### TRY IT
Only the lines below from the one that contains "A woman's hand" through the one that contains "Sweden Tax Calculator." should appear in your answer, exact and without pictures.

LISTED ENTRIES Block Start

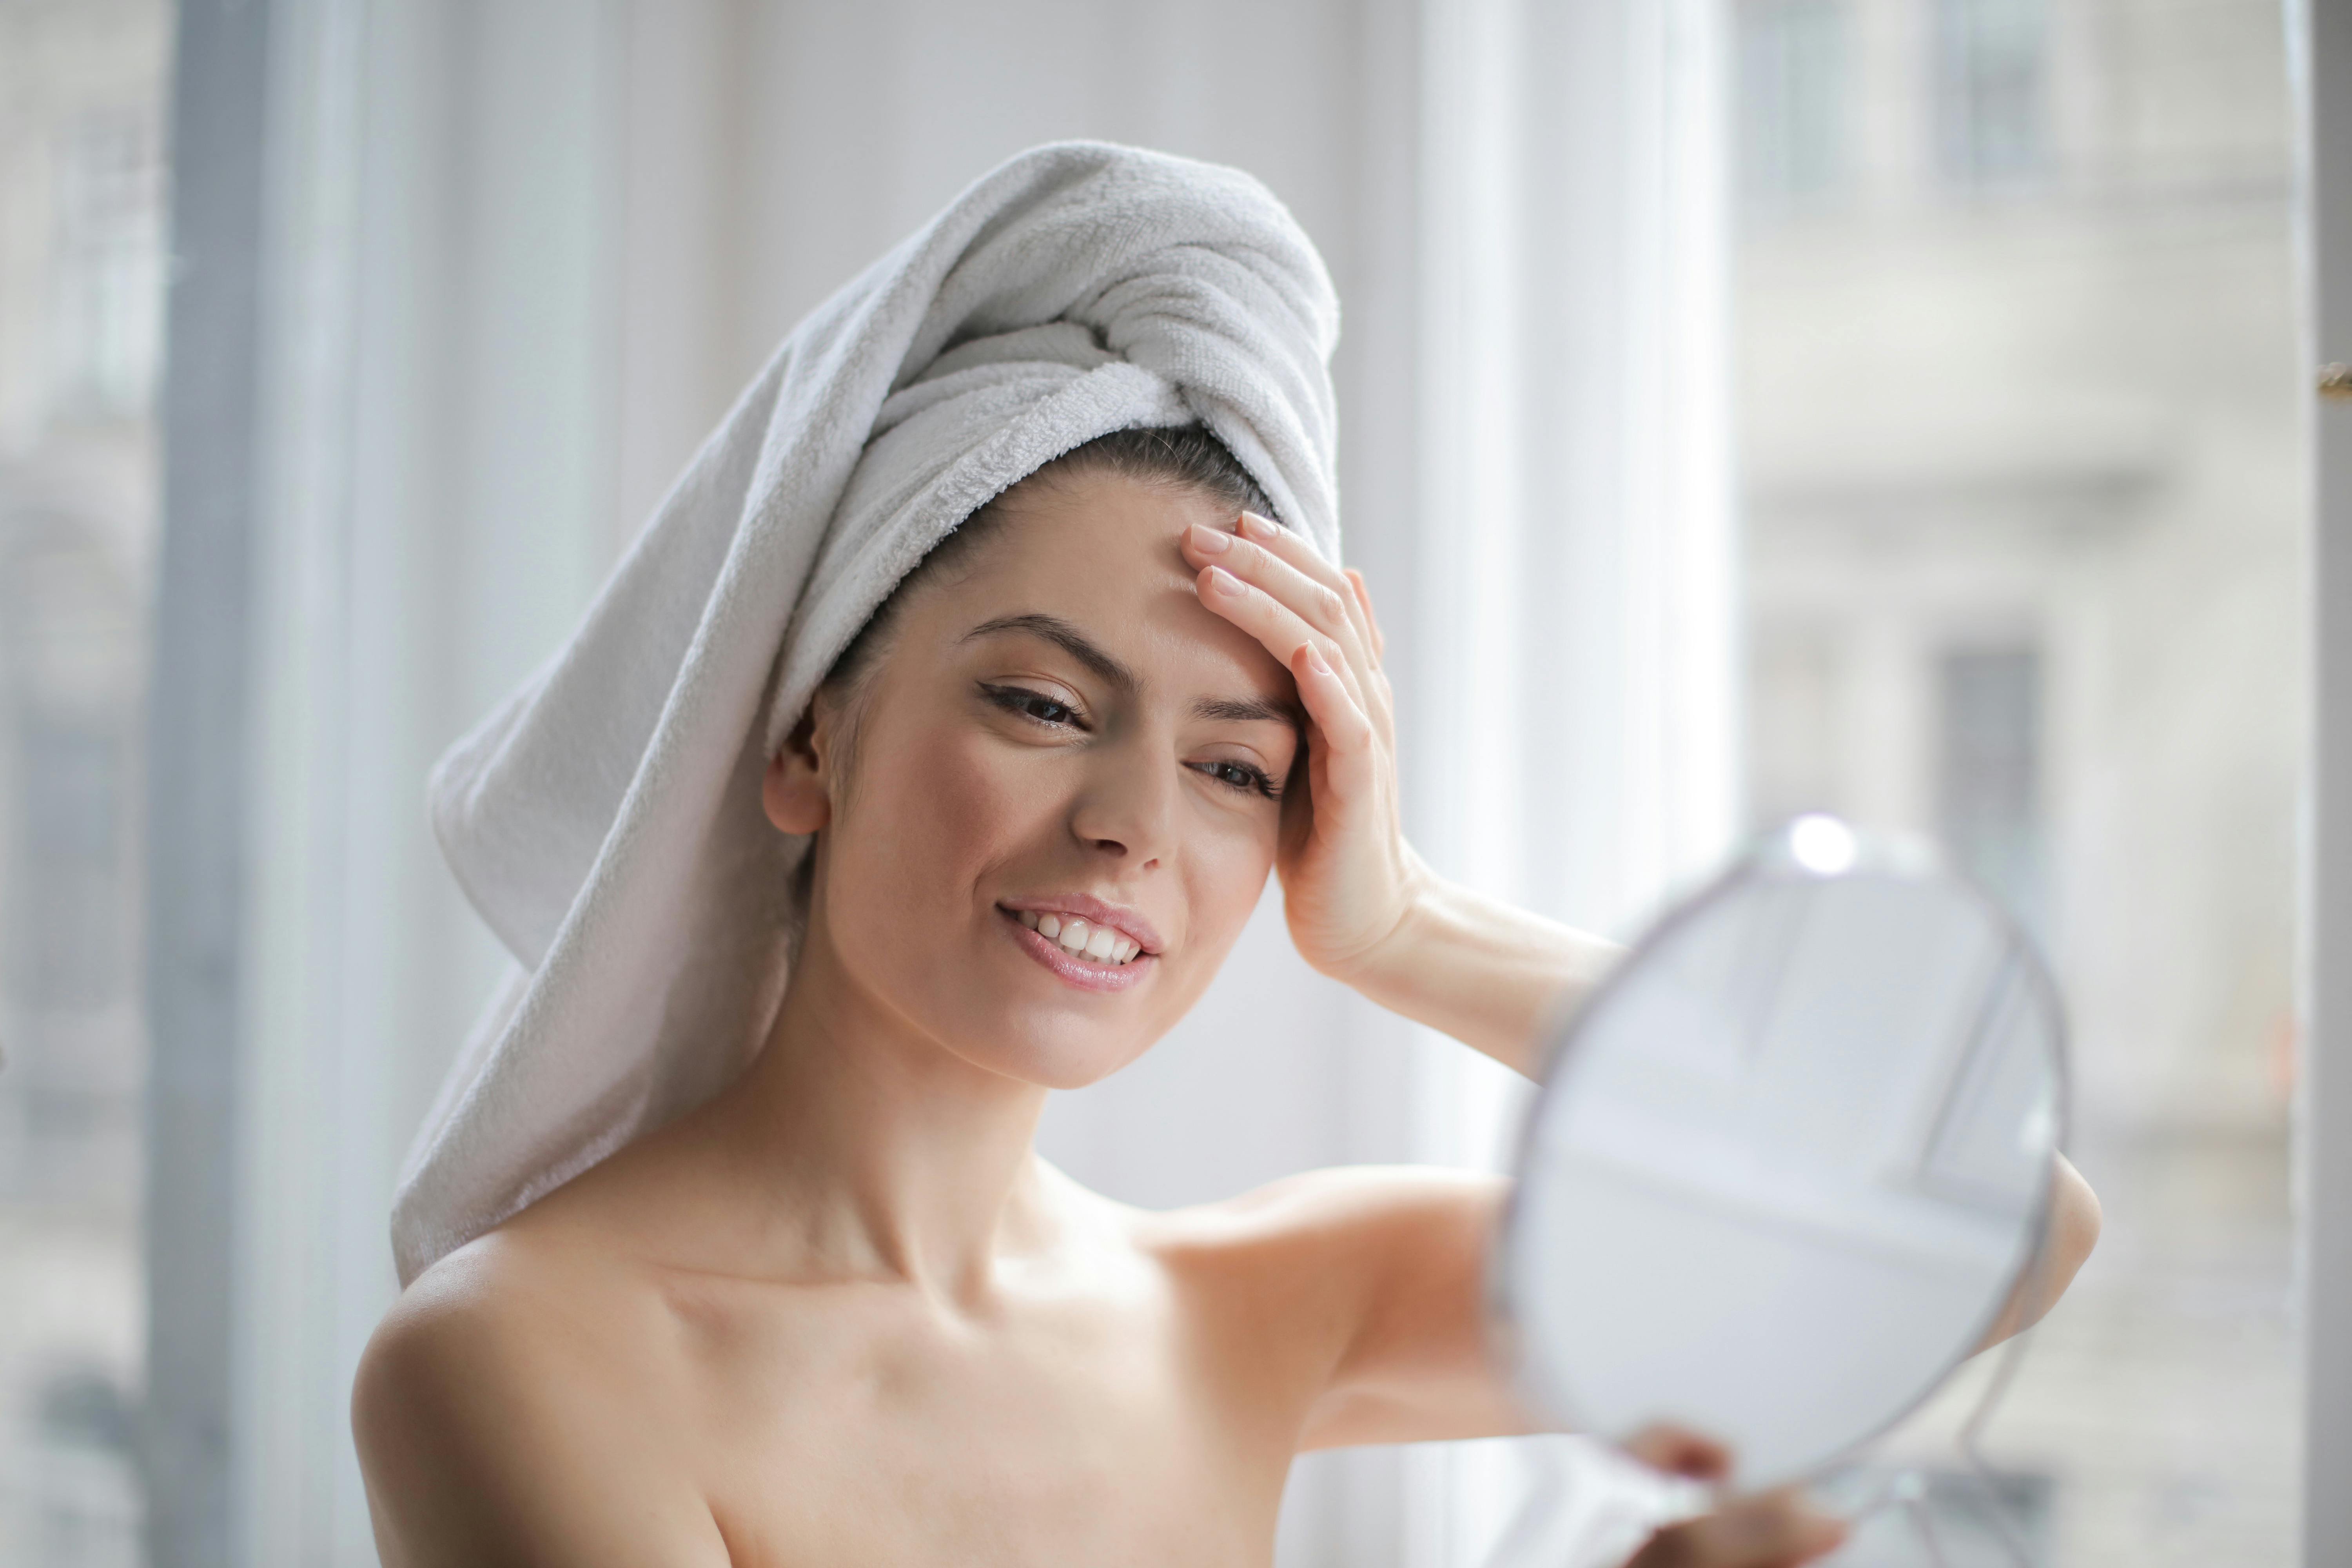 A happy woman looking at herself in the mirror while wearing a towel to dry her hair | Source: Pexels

LISTED ENTRIES Block End
LISTED ENTRIES Block Start

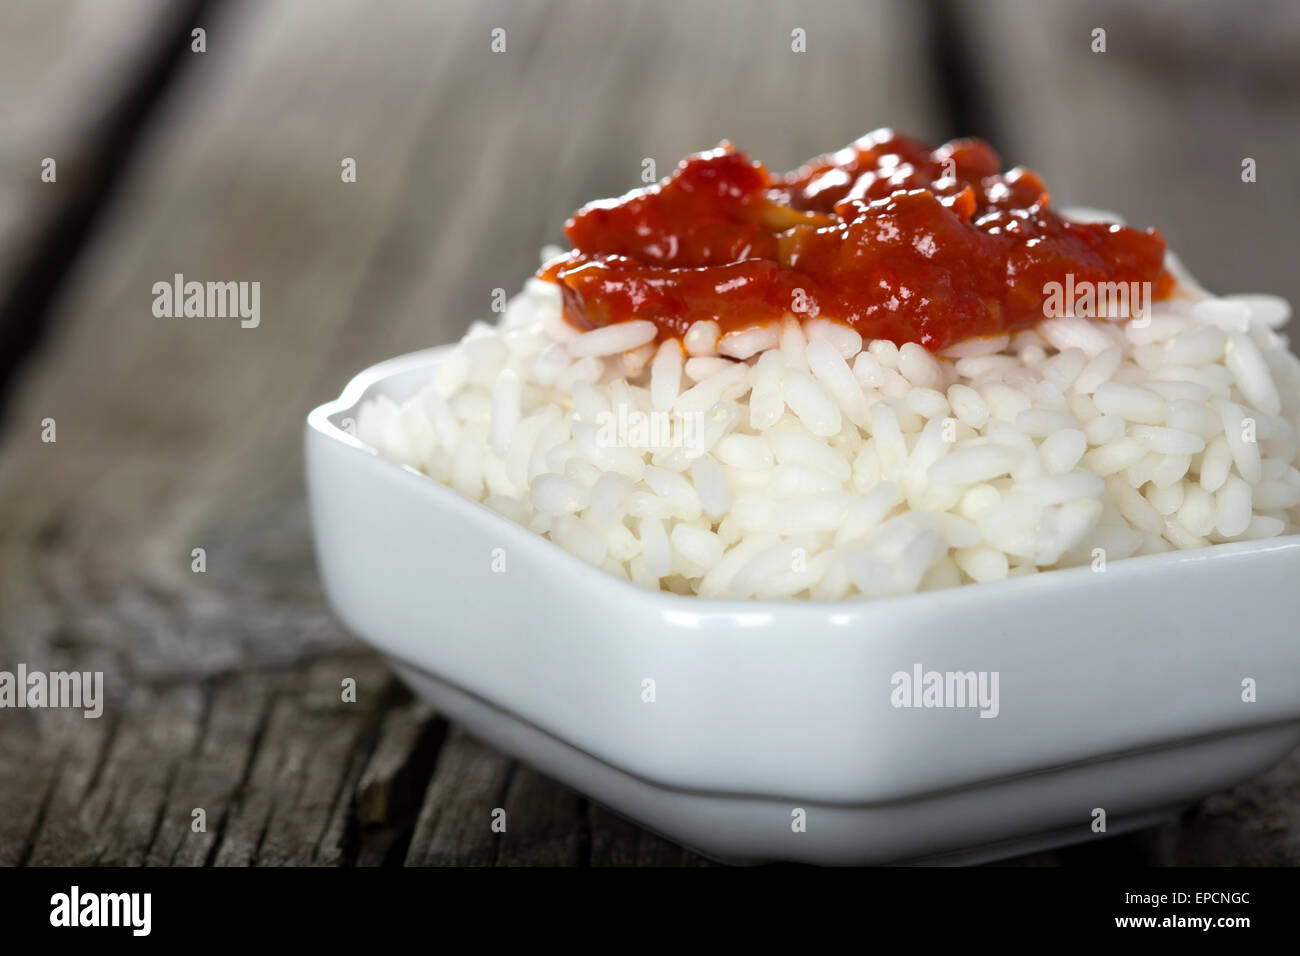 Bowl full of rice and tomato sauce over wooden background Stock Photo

LISTED ENTRIES Block End
LISTED ENTRIES Block Start

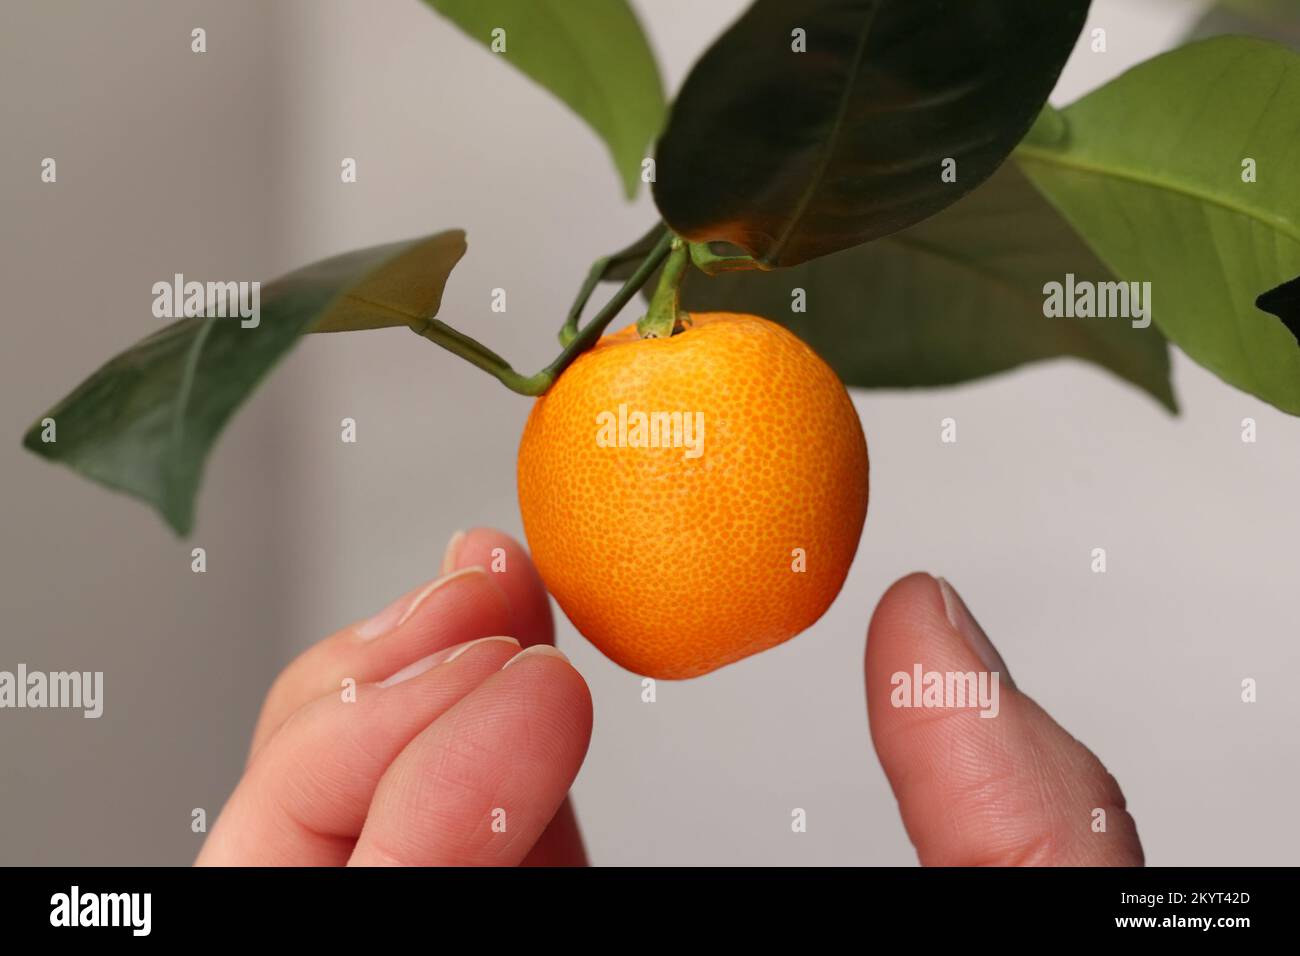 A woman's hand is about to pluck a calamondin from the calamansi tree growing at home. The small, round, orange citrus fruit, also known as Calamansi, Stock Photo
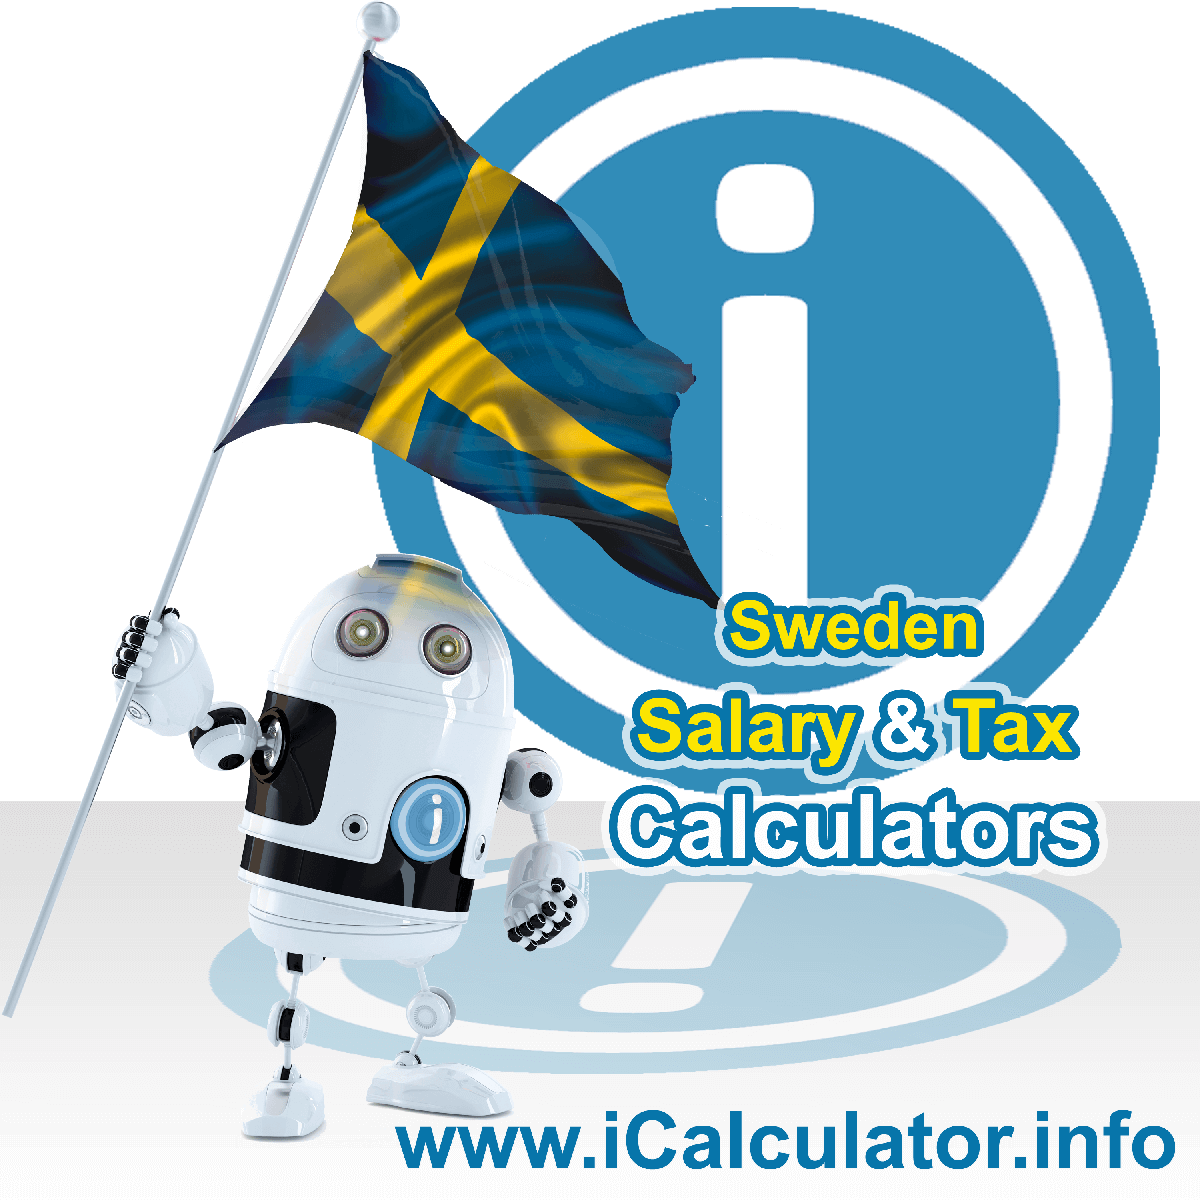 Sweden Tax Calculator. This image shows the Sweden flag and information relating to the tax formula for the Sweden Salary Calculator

LISTED ENTRIES Block End

### RESPONSE AREA
 A woman's hand is about to pluck a calamondin from the calamansi tree growing at home. The small, round, orange citrus fruit, also known as Calamansi, Stock Photo
 Sweden Tax Calculator. This image shows the Sweden flag and information relating to the tax formula for the Sweden Salary Calculator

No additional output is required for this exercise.